The predecessor of 3 is 2. There we go.

## Arithmetic

With `pred`

and `succ`

we are ready to define other arithmetic functions. I shall leave most of this for another day, but, to give a flavour, let’s evaluate `3 succ 2`

.

```
> 3 succ 2
: 3 succ 2
>
: (λx.succ (succ (succ x))) 2
>
: succ (succ (succ 2))
>
: λf.λx.succ (succ 2) f (f x)
>
: λf.λx.(λf.λx.succ 2 f (f x)) f (f x)
>
: λf.λx.(λx.succ 2 f (f x)) (f x)
>
: λf.λx.succ 2 f (f (f x))
>
: λf.λx.(λf.λx.2 f (f x)) f (f (f x))
>
: λf.λx.(λx.2 f (f x)) (f (f x))
>
: λf.λx.2 f (f (f (f x)))
>
: λf.λx.(λx.f (f x)) (f (f (f x)))
>
: λf.λx.f (f (f (f (f x))))
```

Yes, `3 succ 2`

→_{β} `5`

. We get addition for free, albeit a grossly inefficient addition.
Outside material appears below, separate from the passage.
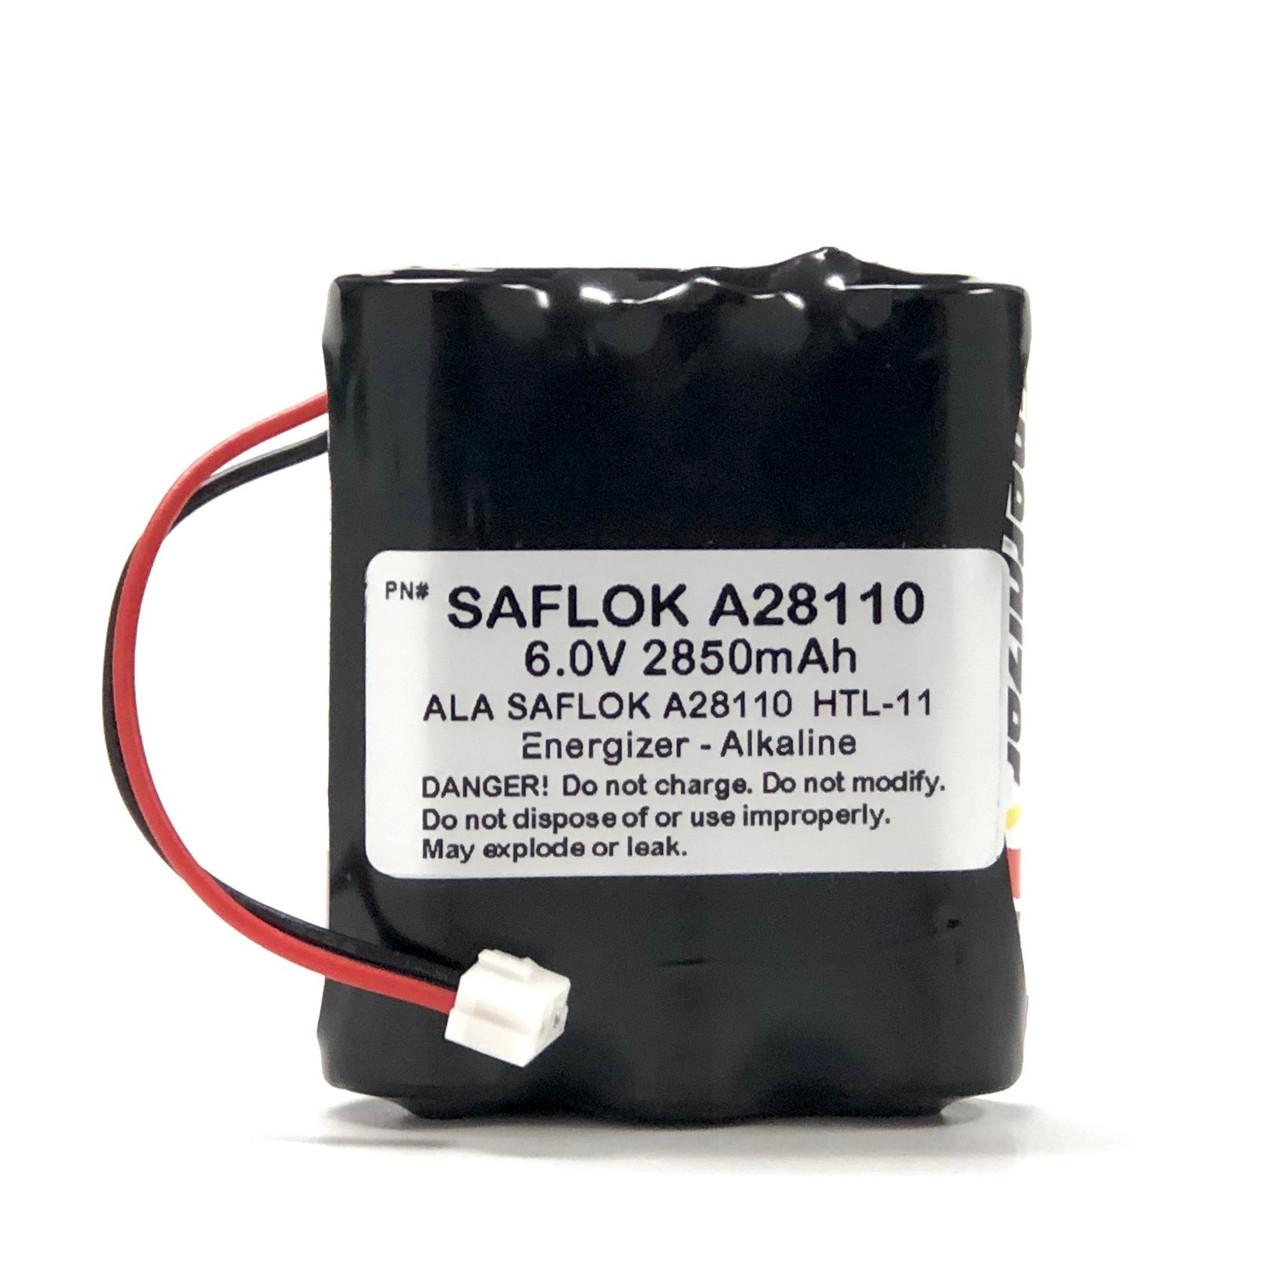 Saflok A28110 Door Lock Batteries

What about this?

`2 (3 succ) 0`

It beta reduces to

`λf.λx.f (f (f (f (f (f x)))))`

which is `6`

. A function for doing multiplication is therefore

`λp.λq.p (q succ) 0`

I’ll leave it at that for now. With the aid of some comparison functions, we now have all we need to do some fairly powerful computation. In the next episode (which may or may not happen) we’ll use what we’ve got to compute the Fibonacci sequence.